Jennifer Stisa Granick, Principles for Regulation of Government Surveillance in the Age of Big Data
Comment by: Ronald Lee
Workshop draft abstract:
Traditionally, regulation of government surveillance in favor of privacy and other civil liberties has focused on government action at the time of information collection. However, technological innovations have revolutionized government surveillance, due to the distribution of cheap sensor/collection technology; voluntary information disclosure/collection by individuals and civil entities; cheap storage; and increasingly powerful data processing. Current privacy protecting policies, therefore, are increasingly irrelevant. It is too late to reconsider the wisdom of fusion centers, government access to civilian databases, or the proliferation of drones in the hands of local law enforcement. Thus, new principles and tools which focus on subsequent storage, processing, use or disclosure are required if the legal system is to play an effective role in ensuring surveillance capabilities are not misused or abused.

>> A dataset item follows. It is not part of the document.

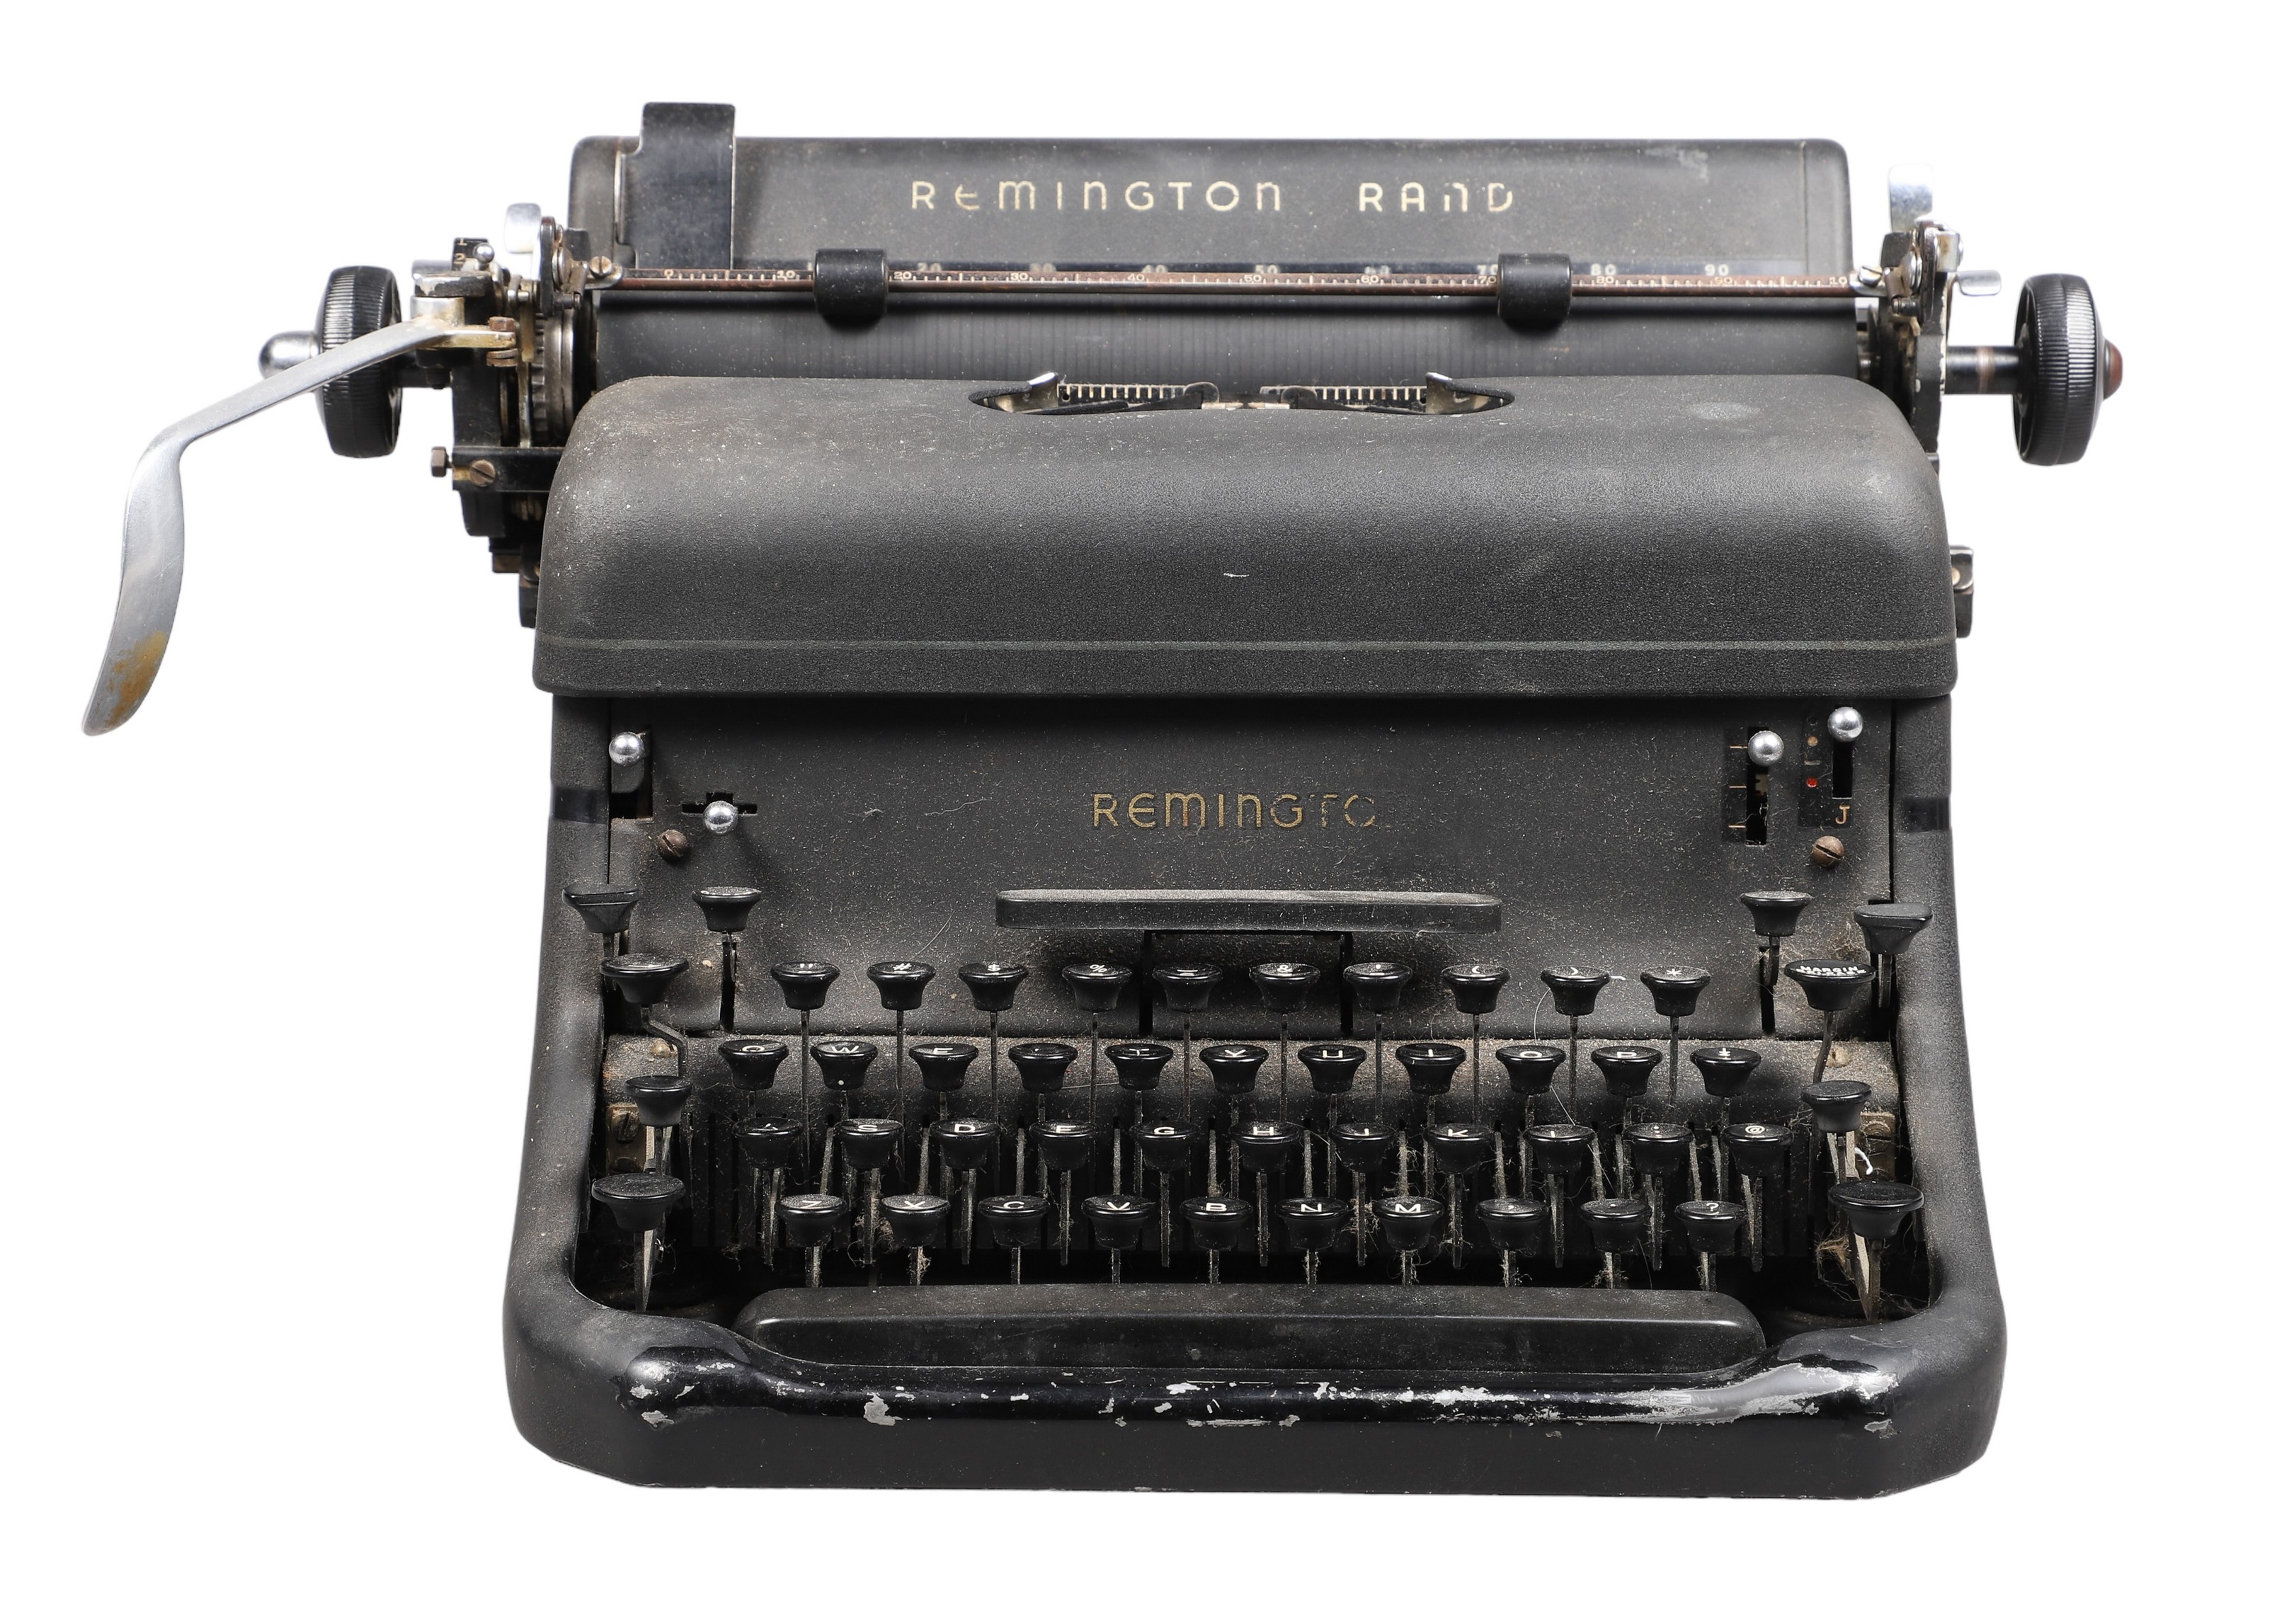 Vintage Remington Rand typewriter,

Sources for these principles and tools include (1) the Privacy Act, (2) minimization and necessity case law under the Wiretap Act, (3) fair information practices, (4) Privacy by Design principles, and (5) the Ninth Circuit opinion in Comprehensive Drug Testing. This paper will derive from these sources specific principles and practices that could help maintain individual privacy interests in the age of government’s Big Data surveillance capabilities. My goal is to highlight the problems, the dead ends, and some possible solutions for policy makers.